Трактирщик. Так рано, господа, так рано? Милости прошу! Мое почтение, Уайтуэлл! Вы, конечно, ехали всю ночь напролет? Скажи, это тот господин, о котором ты толковал мне вчера?
Уайтуэлл. Он самый, и я надеюсь, что ты согласно договоренности...
Трактирщик. Милостивый государь, я рад служить вам. Мне не важно, знаю я или нет, что привело вас сюда п почему вам угодно скрывать свое пребывание здесь. Трактирщик берет деньги и предоставляет гостям поступать, как им заблагорассудится. Уайтуэлл, правда, говорил мне, будто вы хотите немножко понаблюдать за иностранцем, который уже второй месяц проживает у меня со своей молоденькой женушкой. Но я надеюсь, вы не станете чинить ему неприятности. Иначе о моем трактире пойдет дурная слава и кое-какие люди не пожелают у меня останавливаться. А наш брат ведь живет за счет самых разных людей.
Сэр Уильям. Не беспокойтесь, проводите меня в комнату, которую Уайтуэлл заказал для меня. Я приехал сюда не с дурными намерениями.
Трактирщик. Я не стараюсь проникнуть в ваши тайны, сударь! Любопытство – не мой порок. Я, к примеру, давно бы мог узнать, кто этот интересующий вас чужестранец, но не стал допытываться. Правда, мне удалось выяснить, что он увез эту особу. Бедная женщина, или кто там она есть, весь день сидит взаперти в своей комнате и плачет.
Сэр Уильям. И плачет?
Трактирщик. Да, плачет... Но вы-то почему плачете, сударь? Видно, бедняжка вам не чужая. Надеюсь, вы не ее...
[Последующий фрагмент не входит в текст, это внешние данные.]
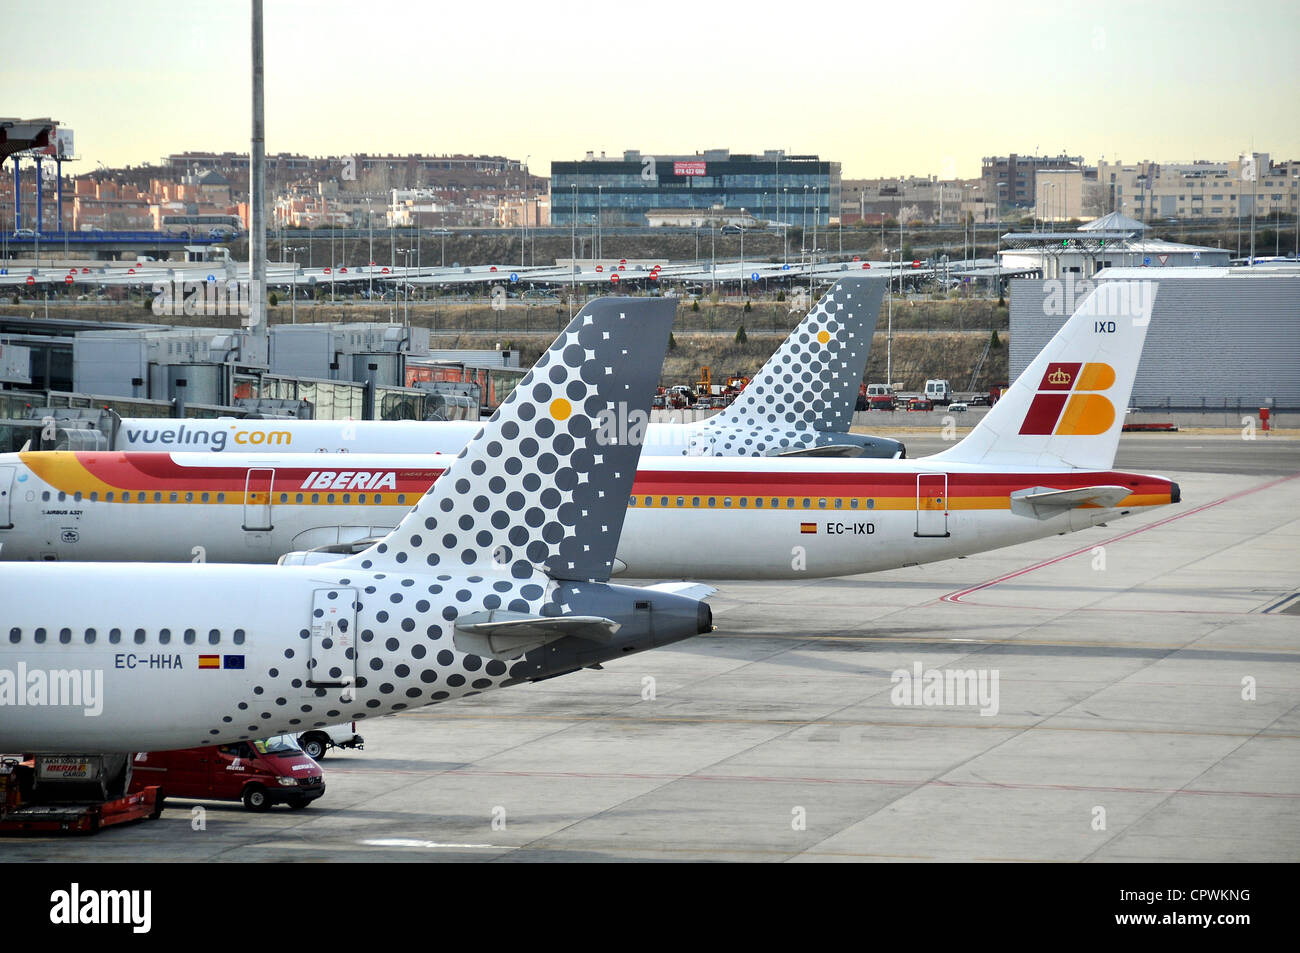 Iberia and Vueling.com planes Barajas international airport Madrid Spain - Stock Image

Уайтуэлл. Не задерживай его.
Трактирщик. Идемте, сударь. Только стена будет отделять вас от тон, что дорога вашему сердцу и, может быть...
Уайтуэлл. Ты, видно, во что бы то ни стало хочешь знать, кто...
Трактирщик. Нет. Уайтуэлл. я ничего знать не хочу.
Уайтуэлл. В таком случае проводи нас в наши комнаты, покуда еще не проснулся весь дом.
Трактирщик. Извольте следовать за мною, сударь.
ЯВЛЕНИЕ ТРЕТЬЕПоднимается средний занавес. Сцена изображает комнату Мелефонта.
Мелефонт, потом его слуга.
Мелефонт (полуодетый сидит в кресле). Еще одна ночь – страшней, чем на дыбе! Нортон! Мне надо видеть людей! Если я останусь один на один со своими мыслями, они невесть куда заведут меня. Эй, Нортон! Он еще спит. Но ведь это, пожалуй, жестоко с моей стороны – не давать спать бедняге. Он – счастливец! Но я не хочу, чтобы хоть один человек был счастлив вблизи от меня. Нортон!
Нортон (входит). Что угодно, сударь?
Мелефонт. Одень меня! И не строй, пожалуйста, кислой мины! Когда я буду спать подольше, ты тоже будешь вставать позднее. Если ты ничего не хочешь знать о своих обязанностях, то хотя бы посочувствуй мне.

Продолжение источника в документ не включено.